> _Source data_:
· · · · ·

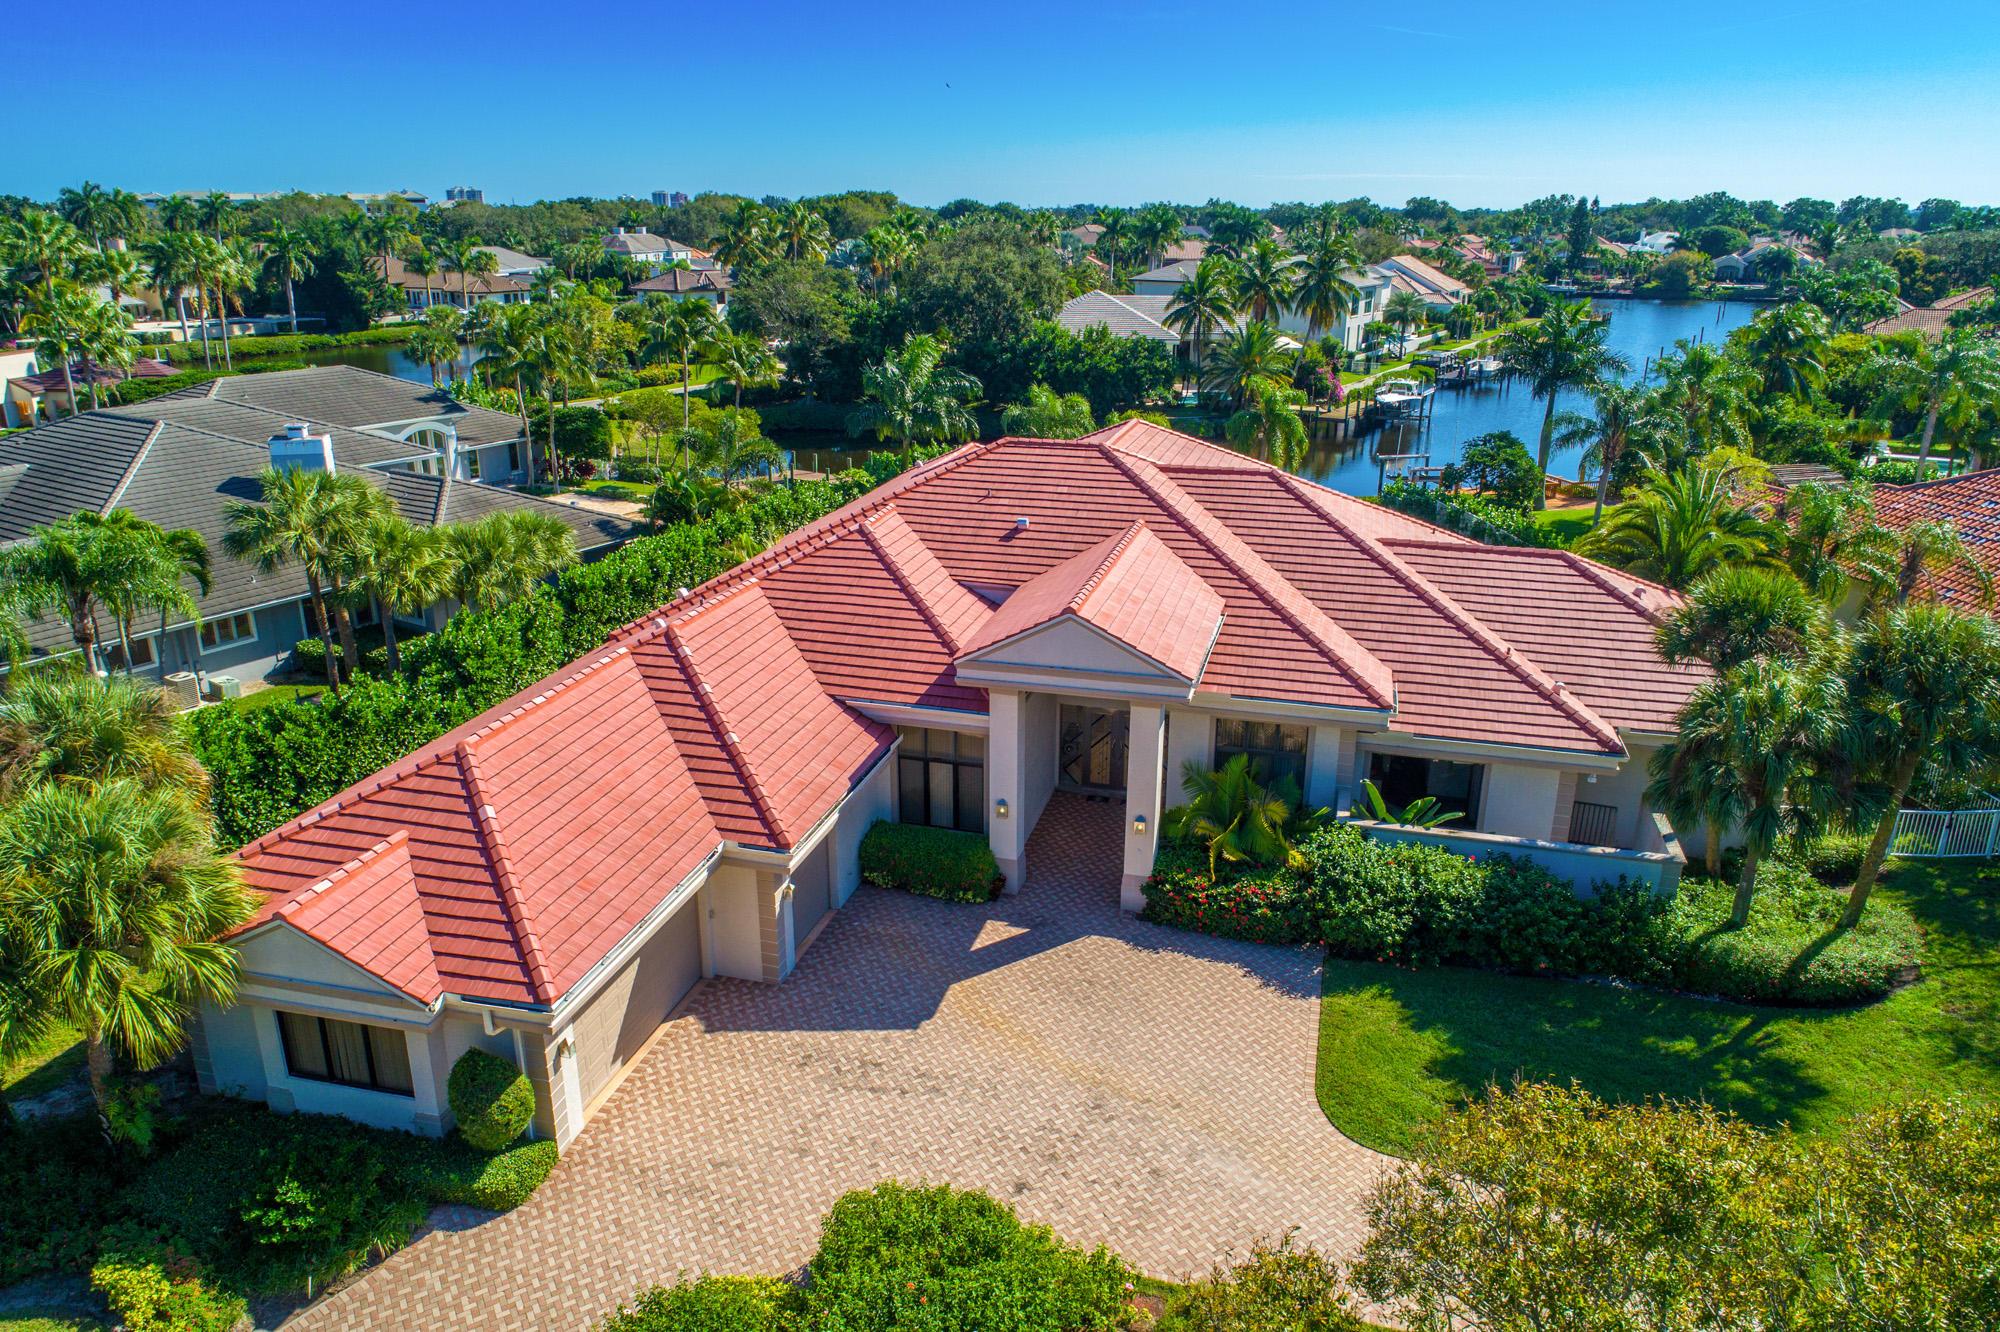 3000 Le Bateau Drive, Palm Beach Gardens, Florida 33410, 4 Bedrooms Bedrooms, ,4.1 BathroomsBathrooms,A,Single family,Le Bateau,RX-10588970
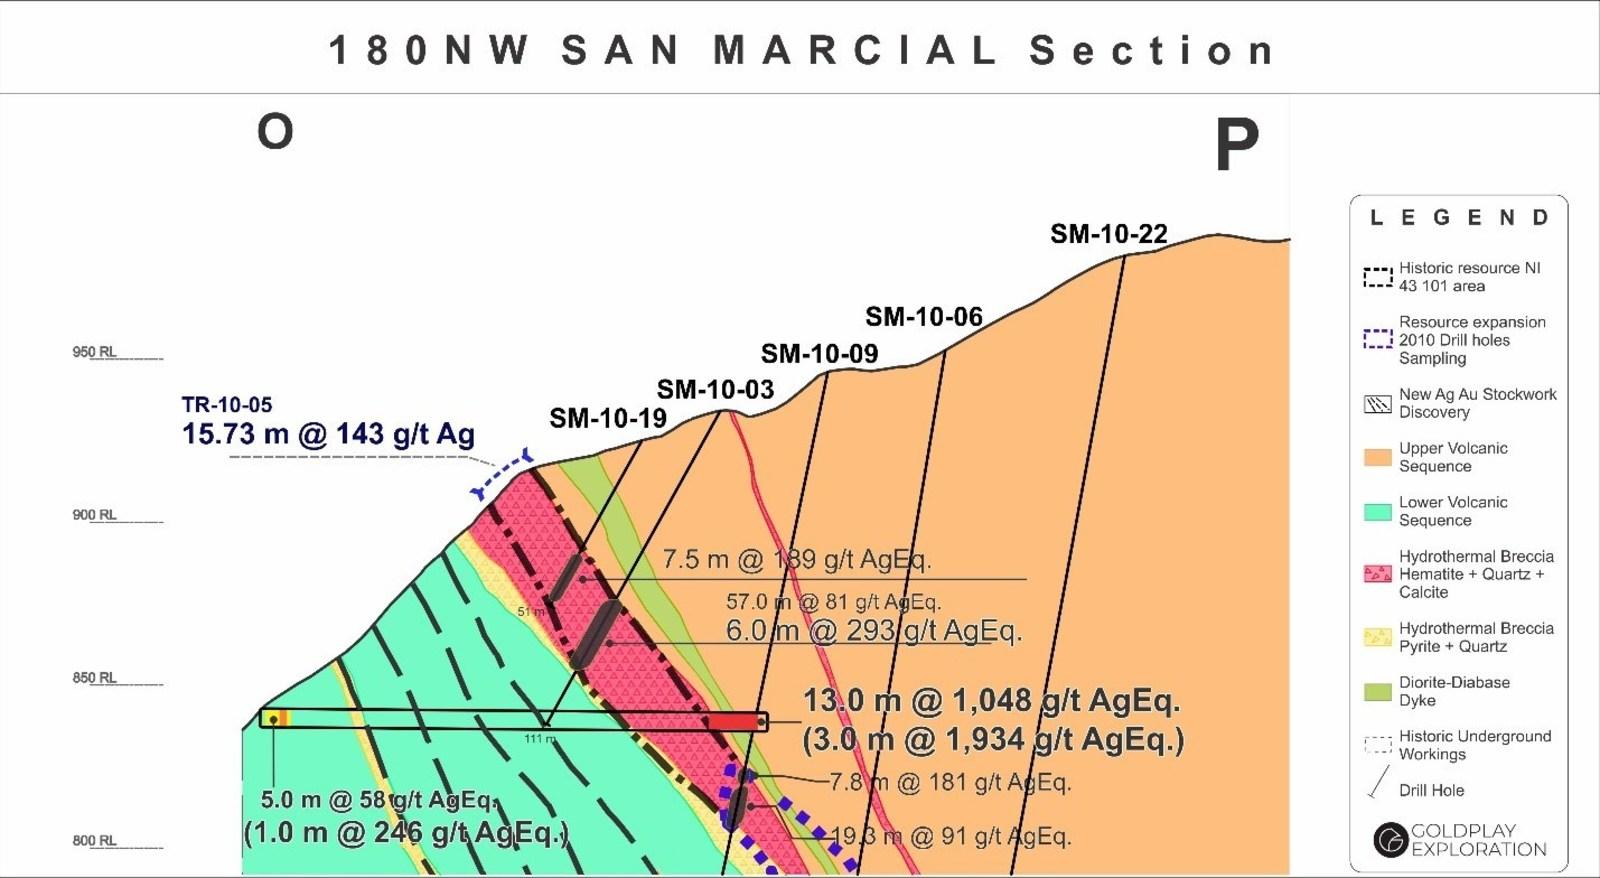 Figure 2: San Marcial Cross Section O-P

· · · · ·

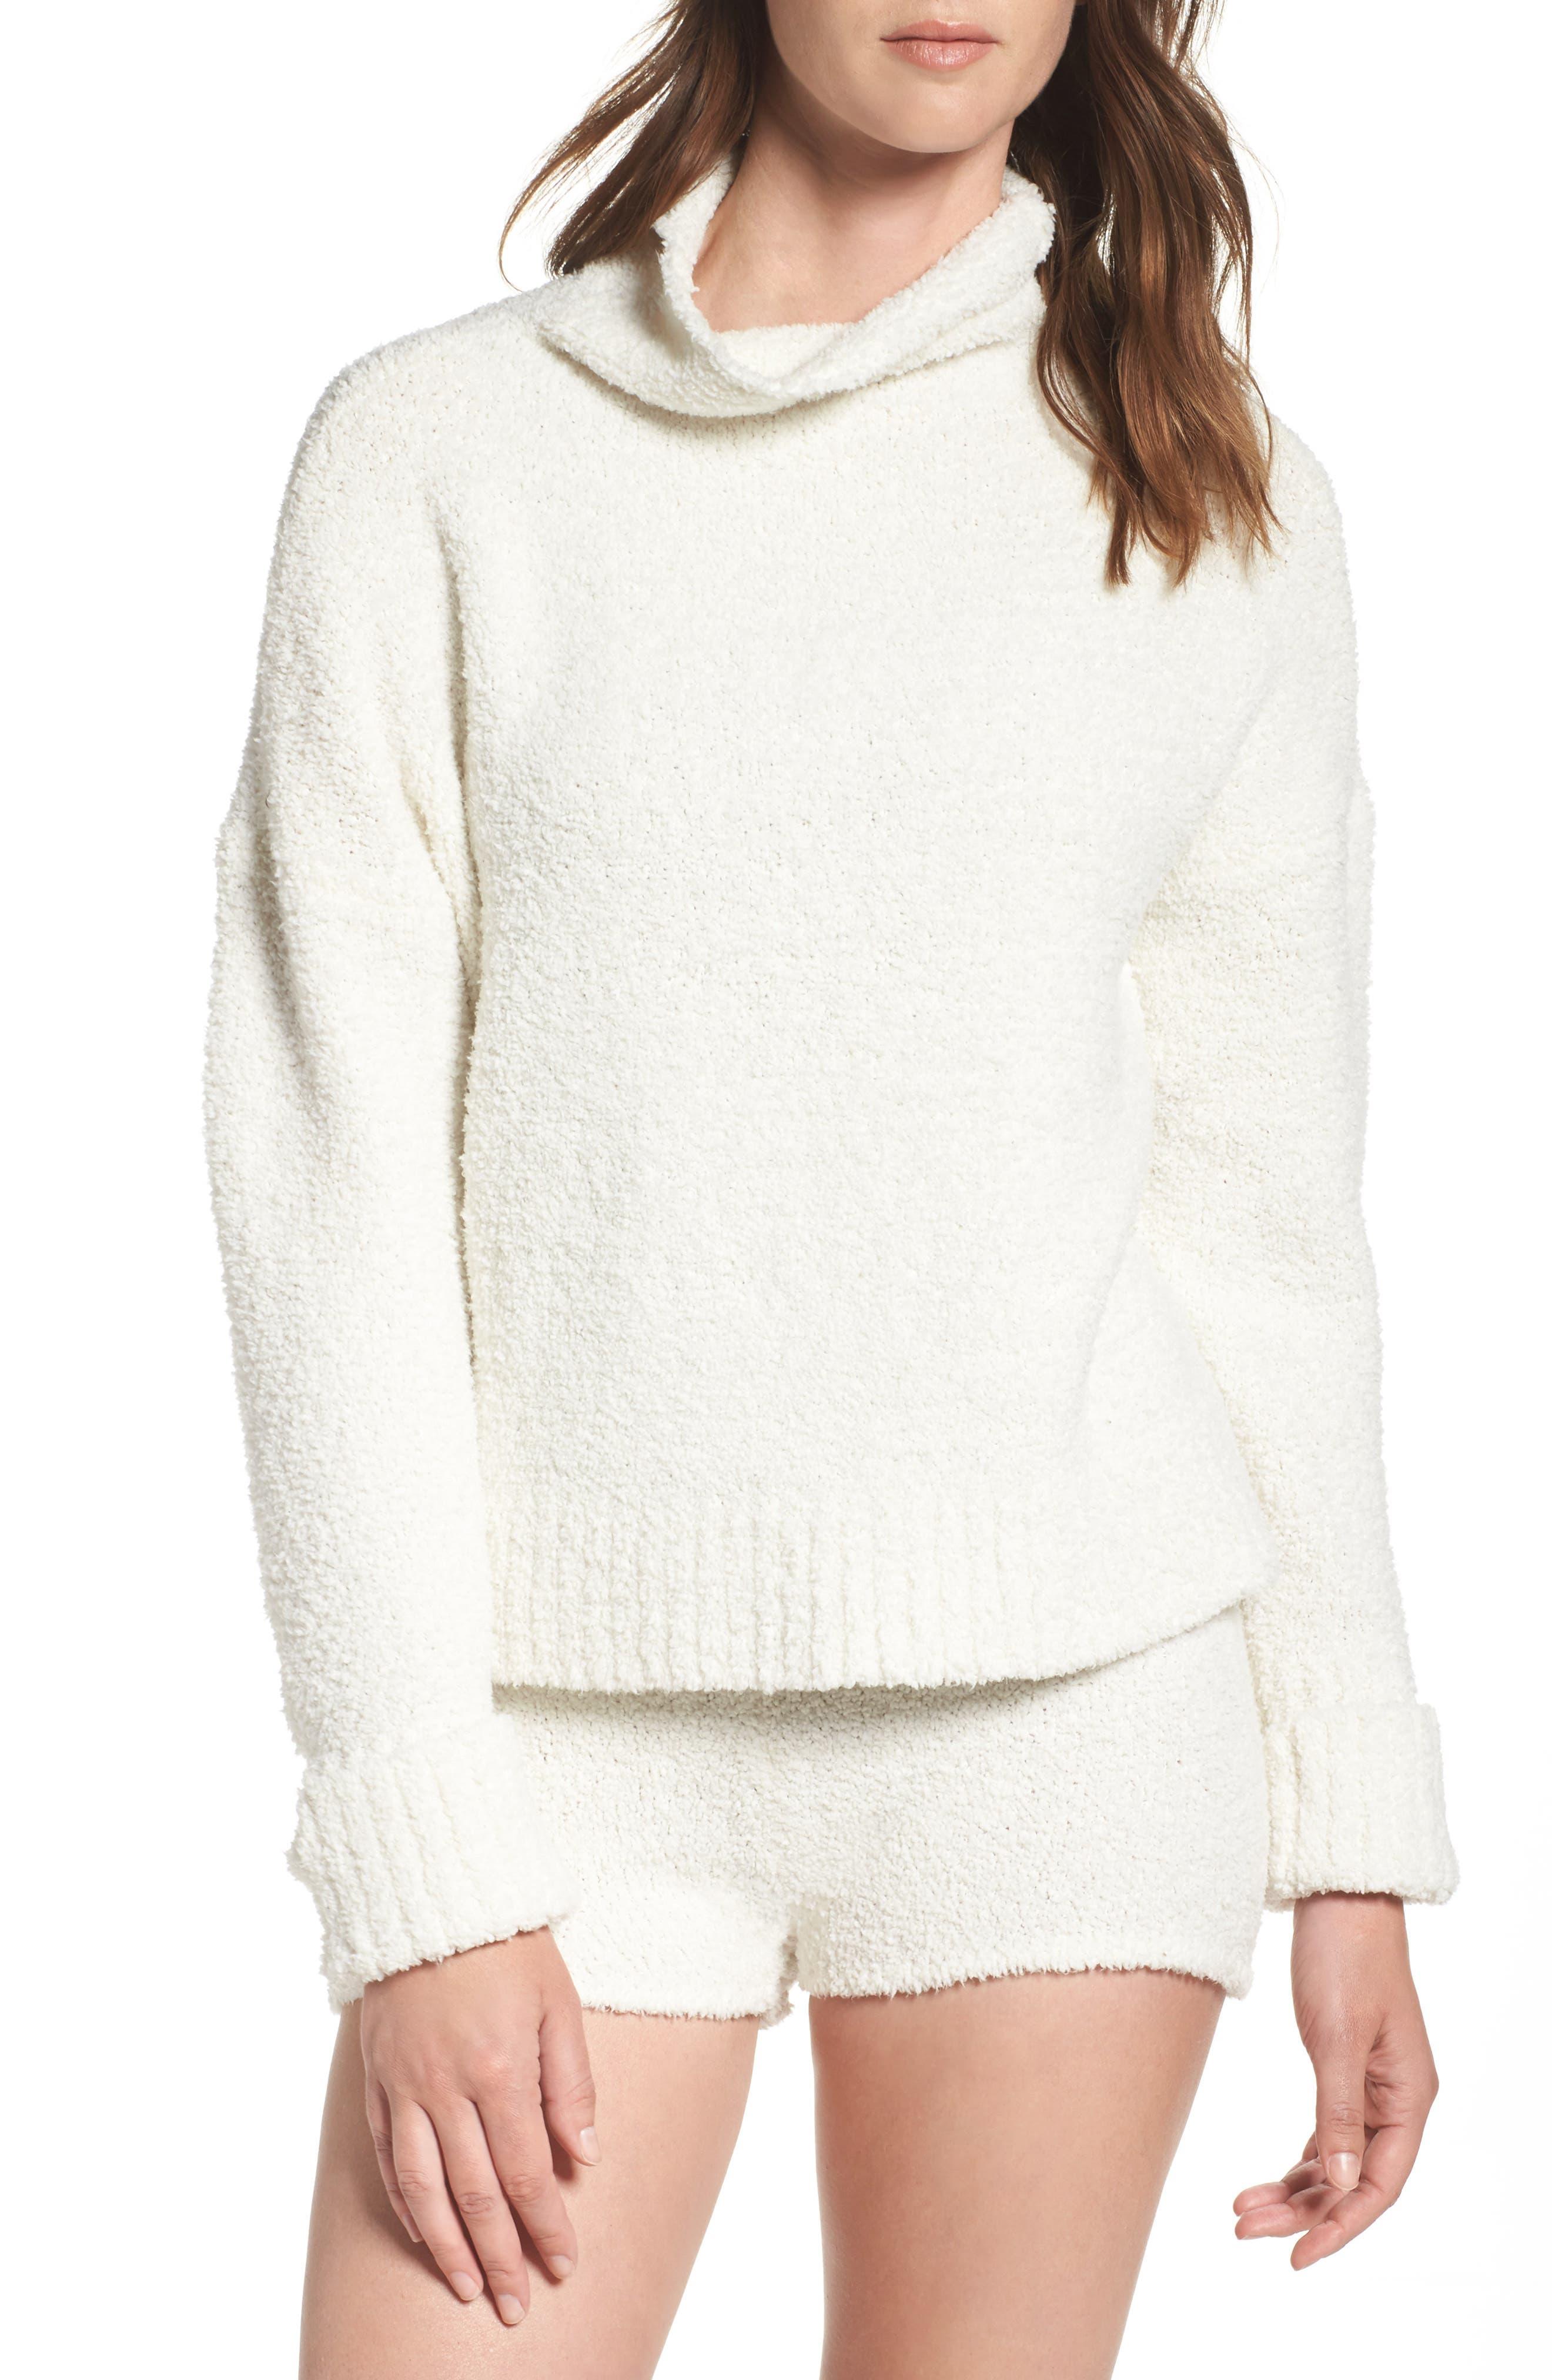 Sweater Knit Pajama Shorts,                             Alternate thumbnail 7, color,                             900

· · · · ·

> _Try it_: Only one stretch of the listing above is to be duplicated: the lines from the one containing "3000 Le Bateau" through the one containing "Figure 2: San Marcial Cross Section O-P", both included. Copy them exactly, minus the pictures.

> _Finished exercise_:
 3000 Le Bateau Drive, Palm Beach Gardens, Florida 33410, 4 Bedrooms Bedrooms, ,4.1 BathroomsBathrooms,A,Single family,Le Bateau,RX-10588970
 Figure 2: San Marcial Cross Section O-P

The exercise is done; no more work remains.